I was reading a passage from an old essay by Martin Gardner on the calculus of finite differences, and it seems to me that there is more that can and should be said about seemingly anomalous values of the function that counts the number of pieces into which some shape can be divided by $n$ straight cuts. Here's the passage:
"In applying Newton's formula to empirically obtained data, one sometimes comes up against an anomaly for the zero case. For instance, The Scientific American Book of Mathematical Puzzles & Diversions, page 149, gives the formula for the maximum number of pieces that can be produced by n simultaneous plane cuts through a doughnut. The formula is a cubic that can be obtained by applying Newton's formula to results obtained empirically, but it does not seem to apply to the zero case. When a doughnut is not cut at all, clearly there is one piece, whereas the formula says there should be no pieces. To make the formula applicable, we must define "piece" as part of a doughnut produced by cutting. Where there is ambiguity about the zero case, one must extrapolate backward in the chart of differences and assume for the zero case a value that produces the desired first number in the last row of differences."
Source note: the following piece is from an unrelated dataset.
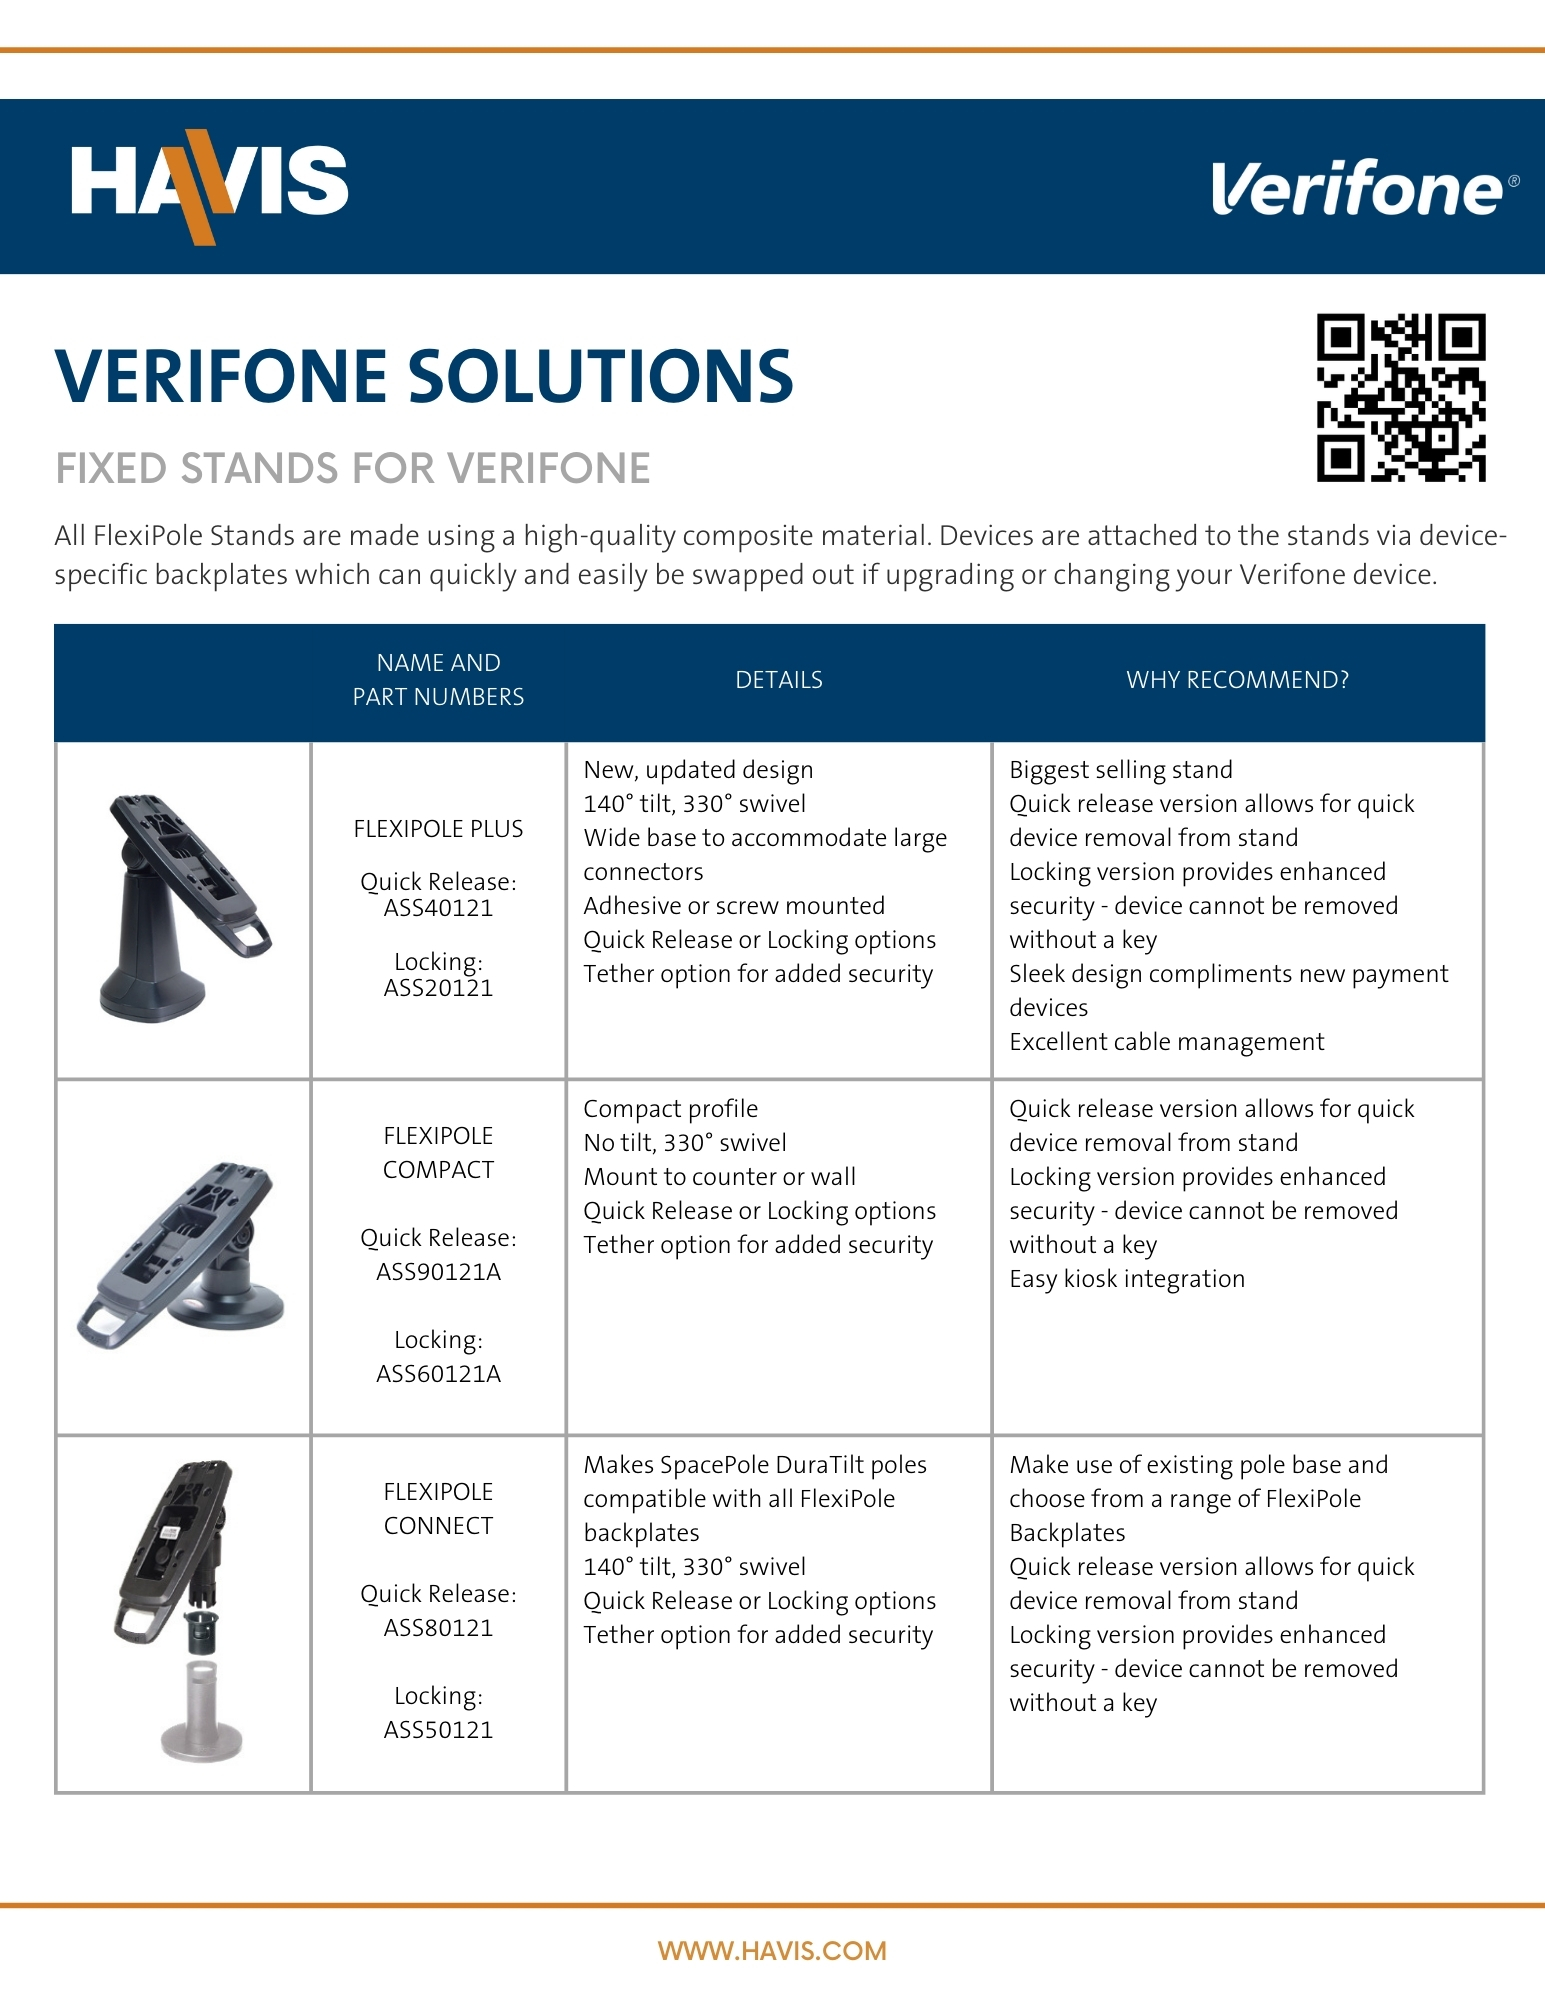 Havis Solutions for Verifone (Quick Reference Guide)

(The formula Gardner is referring to here is the cubic function $(n^3+3n^2+8n)/6$.)
My first thought was that a doughnut-shaped piece should count as "zero pieces" because its Euler measure is zero. However, if you think about slicing an annulus in 2D, you'll find that there's more to justifying anomalous cases than just taking Euler measure into account.
Has anyone come up with the "right" way to look at these functions of $n$? My instinct is that with properly chosen definition of "pieces" and "counting", the anomalies go away.
It would be especially nice if there were some combinatorial significance for values of these functions obtained by plugging in negative values of $n$ (cf. Ehrhart reciprocity and Stanley's result about evaluating the chromatic polynomial at $-1$).